More specifically, this work tries to answer the following research questions:

  1. What do experts do differently from novices?
  2. Do experts/novices share particular strategies to explore binary code?
  3. How are these strategies linked to the binary code elements (e.g., functions, basic blocks)?
  4. Is any particular strategy correlated with better RE performances?

The most important step in this research is recruiting participants, namely, “novices” and “experts”. The authors recruited students who had some RE trainings and experienced RE players from the top CTF teams as the subjects. Instead of grouping them by reputations, the authors group the participants according to their self-evaluation and their performance during the experiment.

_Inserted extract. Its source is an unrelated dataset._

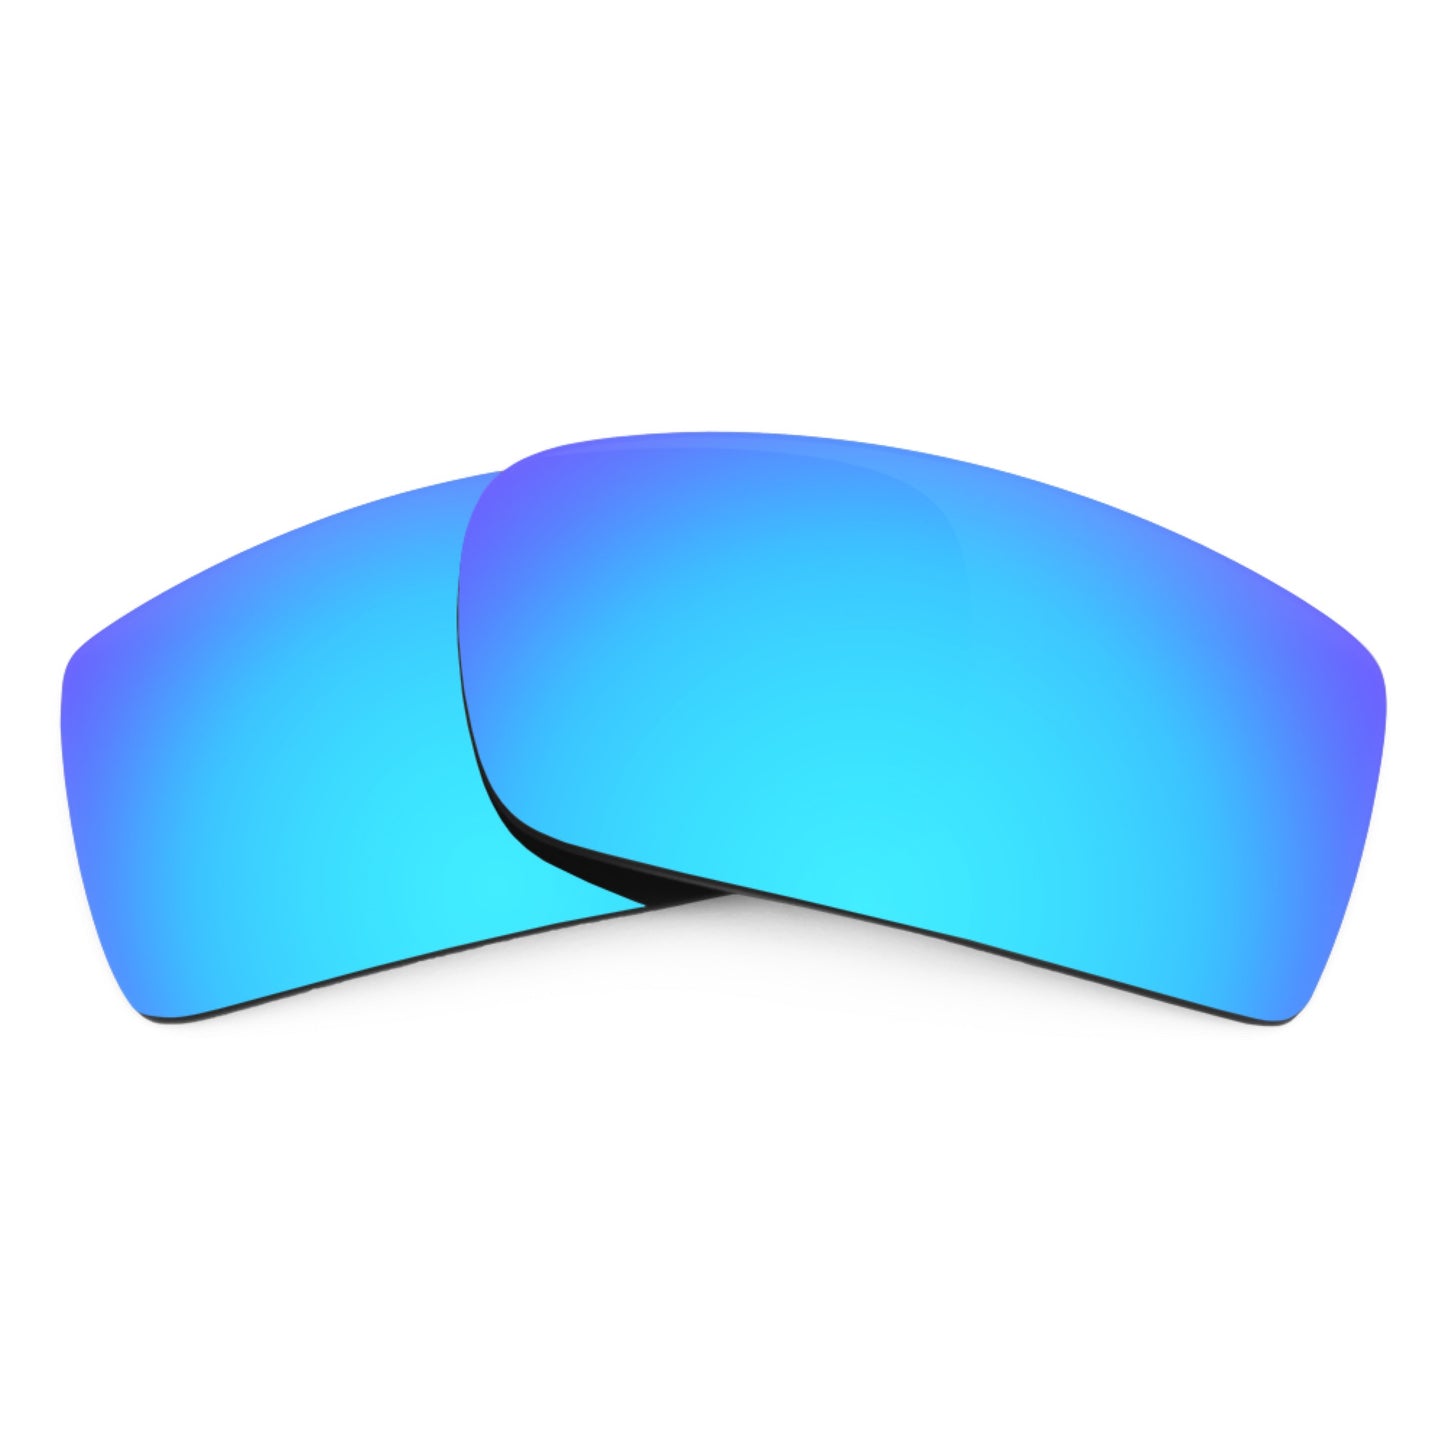 Revant replacement lenses for Ray-Ban RB4110 64mm Non-Polarized Ice Blue
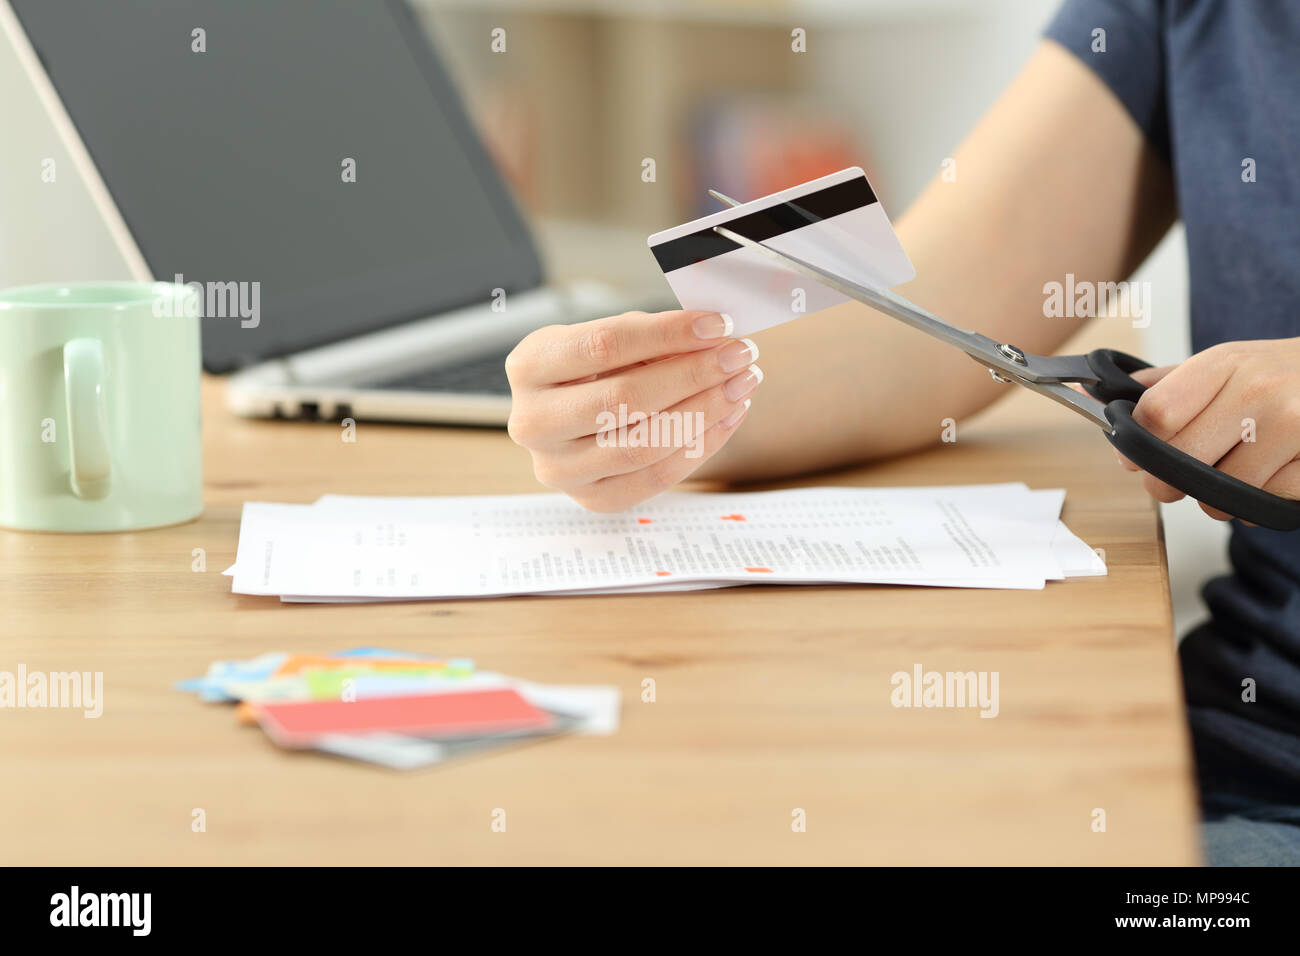 Close up of a woman hands destroying old credit cards Stock Photo

Then the participants are requested to solve two RE tasks on a online platform that is tailored for this research, where Restricted Focus Viewer technique is employed. In other words, only one block is visible at a time for the participants, at the same time other blocks will be blurred. This solution allows the researchers to collect the attention information of the participants and enable further study.

Insights

Even though there were considerable differences in the amount of time spent looking at unrelated code between a novice and an expert, the authors found that there was considerable variance among the experts themselves in terms of approaches.

The authors analyzed the low level event data and generated high-level features representing observable behaviors. Based on these high level features, they found some common strategies between experts and novices.

The authors say that a participant predominantly uses a given strategy if the strategy is employed at least 50% more frequently than the other. If this does not happen, the participant is assigned to the hybrid category.

From Table 2, it is apparent that a small number of novices use a sequential strategy whereas none of the experts use this approach. Instead, experts seem to favor the forward approach in higher numbers as compared to the backward approach.

Table 3 shows that novices spend a larger amount of time analyzing functions that perform simple tasks (such as is_number which only verifies that all parameters are integer numbers) as compared to experts who quickly understand the semantics of such functions and move on to other functions of the binary.

An important result that can be found here is that, in percentage, novices spent almost the same percentage of their time (8.6% vs 8.3% for experts) on reversing useless code. In absolute terms, novices still spent 4x the time that experts spent in analyzing useless code.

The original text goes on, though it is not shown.